Input data.

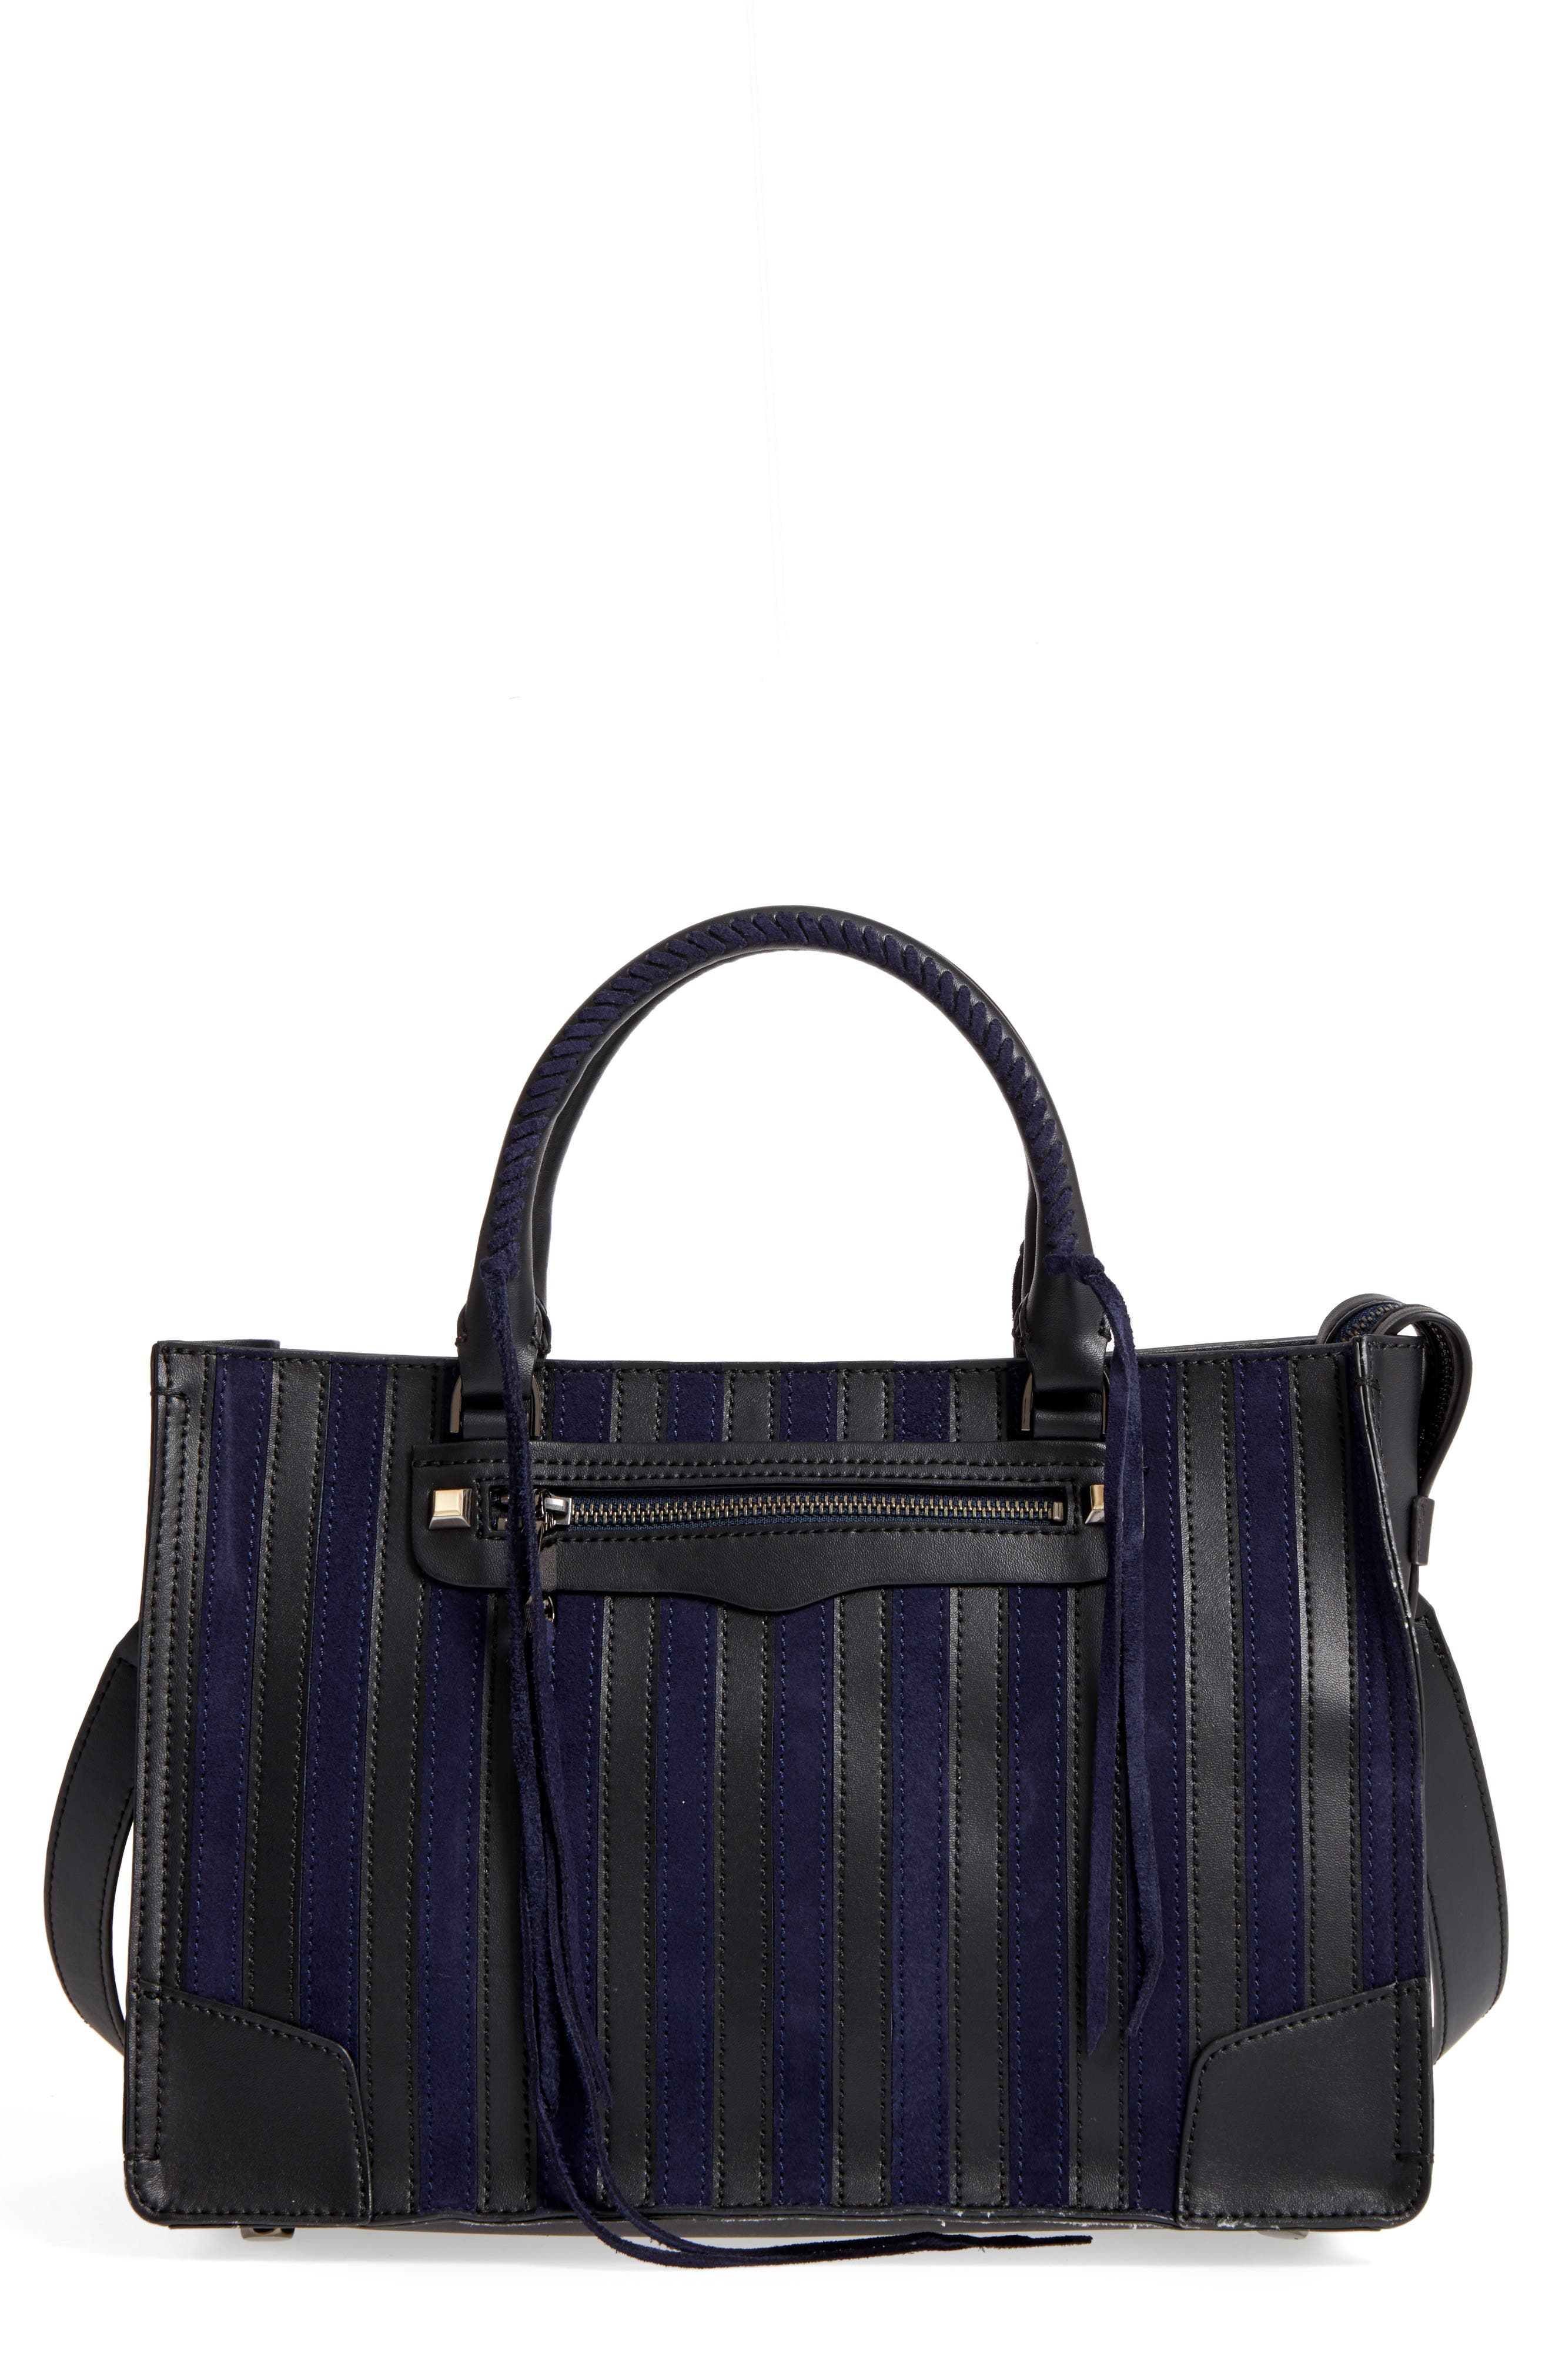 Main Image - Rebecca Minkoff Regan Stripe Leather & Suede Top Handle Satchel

==

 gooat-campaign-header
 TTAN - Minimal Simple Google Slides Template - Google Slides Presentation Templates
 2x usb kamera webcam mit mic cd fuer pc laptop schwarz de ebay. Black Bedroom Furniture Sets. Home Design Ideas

Exercise aim.
Using the records above, set down exactly the lines from the one with "TTAN - Minimal" through the one with "2x usb kamera", inclusive, and nothing more.

Solution below.
 TTAN - Minimal Simple Google Slides Template - Google Slides Presentation Templates
 2x usb kamera webcam mit mic cd fuer pc laptop schwarz de ebay. Black Bedroom Furniture Sets. Home Design Ideas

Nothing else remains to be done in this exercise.